The recipe is suggesting indoor household use only. I would use caution outdoors. There is no question that it would have an affect on the soils PH. I have no Idea what affect it would have on the microbes...might pickle them
The synthesis of alum can be veiwed here...
http://michele.usc.edu/classpages/chem1 ... -lab2.html
Her is some more infomation:
alum - a double sulfate of of ammonium or a univalent metal (such as sodium or potassium) and a trivalent metal (such as aluminum, iron or chromium): it is used as an astringent, as an emetic and in the manufacture of baking powders, dyes and paper; the commonest form is potash alum (potassium aluminum sulfate).

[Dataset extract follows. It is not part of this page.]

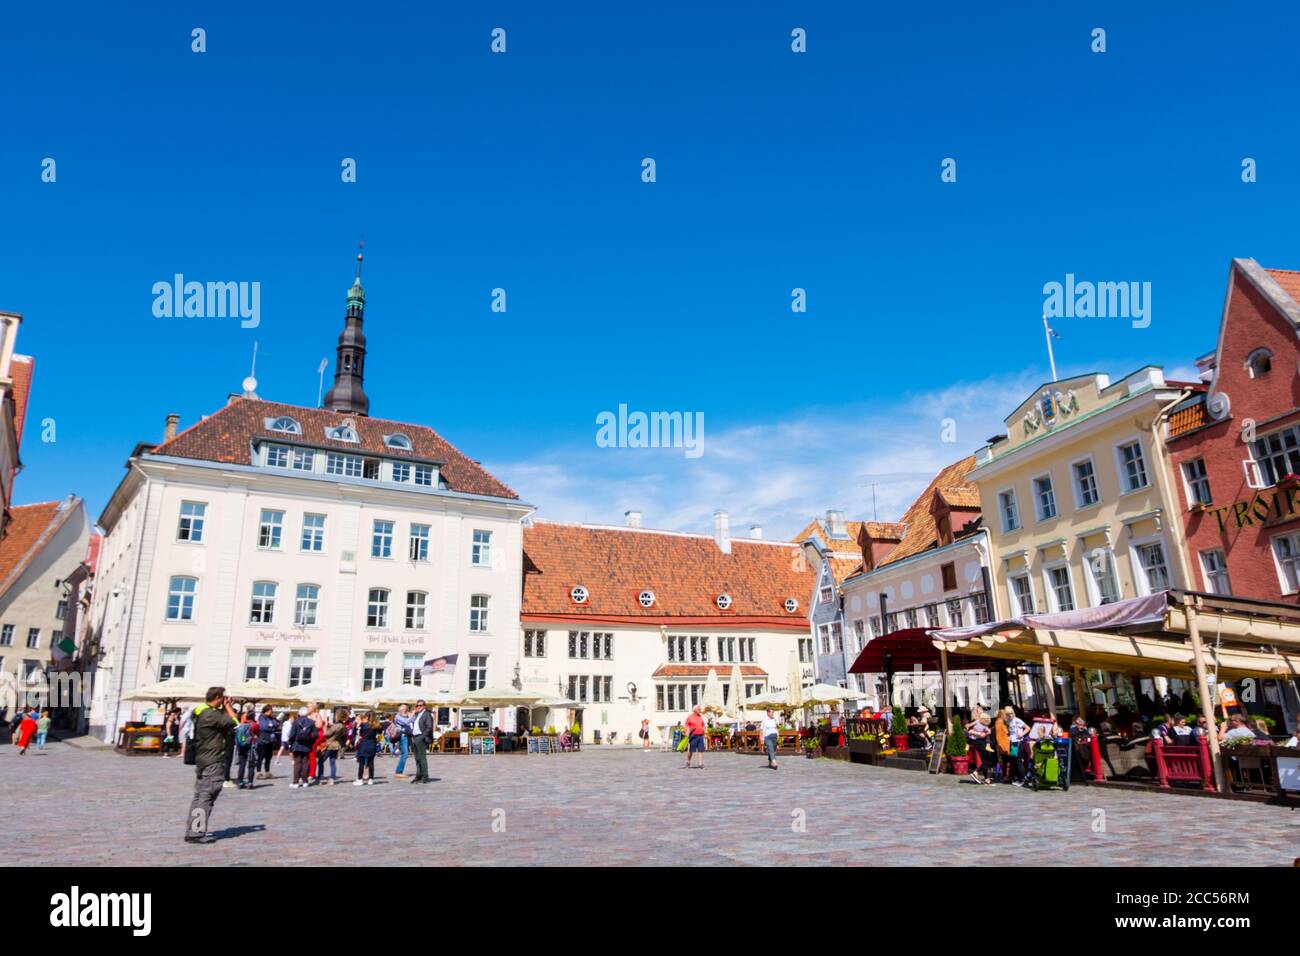 Raekoja plats, old town square, Tallinn, Estonia Stock Photo

According to the National Food Safety Database, alum is used as an ingredient in baking powder and is used as a crisping agent in the production of pickles and maraschino cherries. It is used only in a soak solution and is washed off thoroughly before completing the recipe. It is also used to harden gelatin. Alum's medical uses are as an astringent, a styptic and an emetic. Some people say that placing a small piece of alum on a cold sore causes healing to take place much faster, but I wouldn't do that myself.
The USDA says that using alum to firm fermented pickles is unnecessary, and that food-grade lime can be used instead. But lime has its hazards too. Excess lime neutralizes or removes acidity and so must be washed out to make safe pickles, and the cucumbers must be rinsed and re-soaked in fresh water.